Even though standard lamp dimmers are not designed to work with inductive loads (and a transformer primary is surely nothing else) the several I've tried have actually all worked without any fuss at all. Obviously the waveforms are far from sinusoidal as Ollie says and with all those voltage spikes flying about I never use them up to their full rating but in the real world they give less problems than a purely theoretical view would suggest.

Steve

ybanrab
Apr 04, 2003, 07:13 AM
My dad warned me about the inductive load problem and when I looked in the local Wickes, there were 2 dimmers, one for normal lights (£5) and one rated for driving Low voltage Lighting, which I think means that it will be capable of driving inductive loads.

I'll have a try of all the methods mentioned here and see what I can get to work.

Again, thanks to all of you for taking the time to help.

Barny

ybanrab
Apr 07, 2003, 04:30 AM
Well, I got a little time to play with the cutter this weekend. I took the dimmer out of the circuit, and used a chunky wire-wound 20ohm resistor and got the wire just about hot enough to cut foam. I've ordered a few more low value resistors, so I can play with the temperature a bit more precisely. I'll also have a go at putting the dimmer back in, with the resistors and see if that works.
Thanks everyone for your help, I'll post an update when I know more.

Barny

steve lewin
Apr 07, 2003, 06:17 AM
One of the simpler ways to drive a foam cutting wire is from a 12V battery or NiCd/NiMH battery via an ESC. That's what I do most of the time. It saves all that messing round with mains electricity.

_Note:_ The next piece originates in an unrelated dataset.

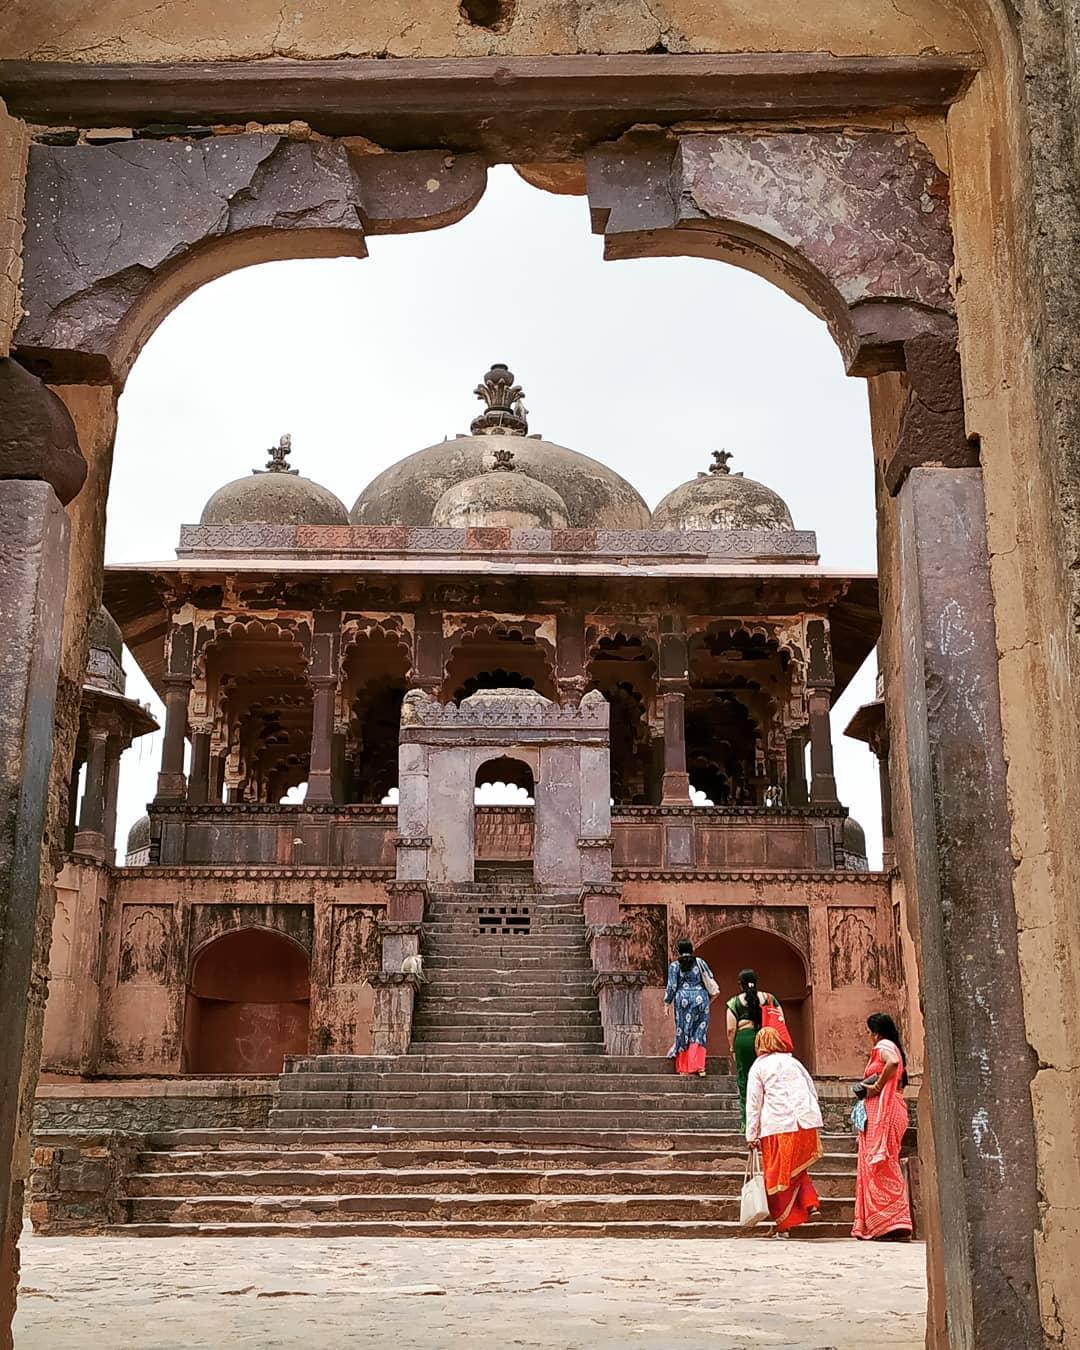 Ranthambore Fort, Sawai Madhopur

The ESC can be driven from a simple servo tester and you have excellent control of the wire temp. And many of us already have everything needed lying round. I use an old 20A ESC which is *HUGE* by today's standards but who cares when it's never going to leave the ground ;).

Steve

ybanrab
Apr 07, 2003, 06:39 AM
Good point Steve,
I'm sure I've got a spare 20A ESC kicking around somewhere, and I've got a 12v power supply available as well, I'll give that a go too. I could use a PC PSU as the power supply if I want to make it mains powered (more portable).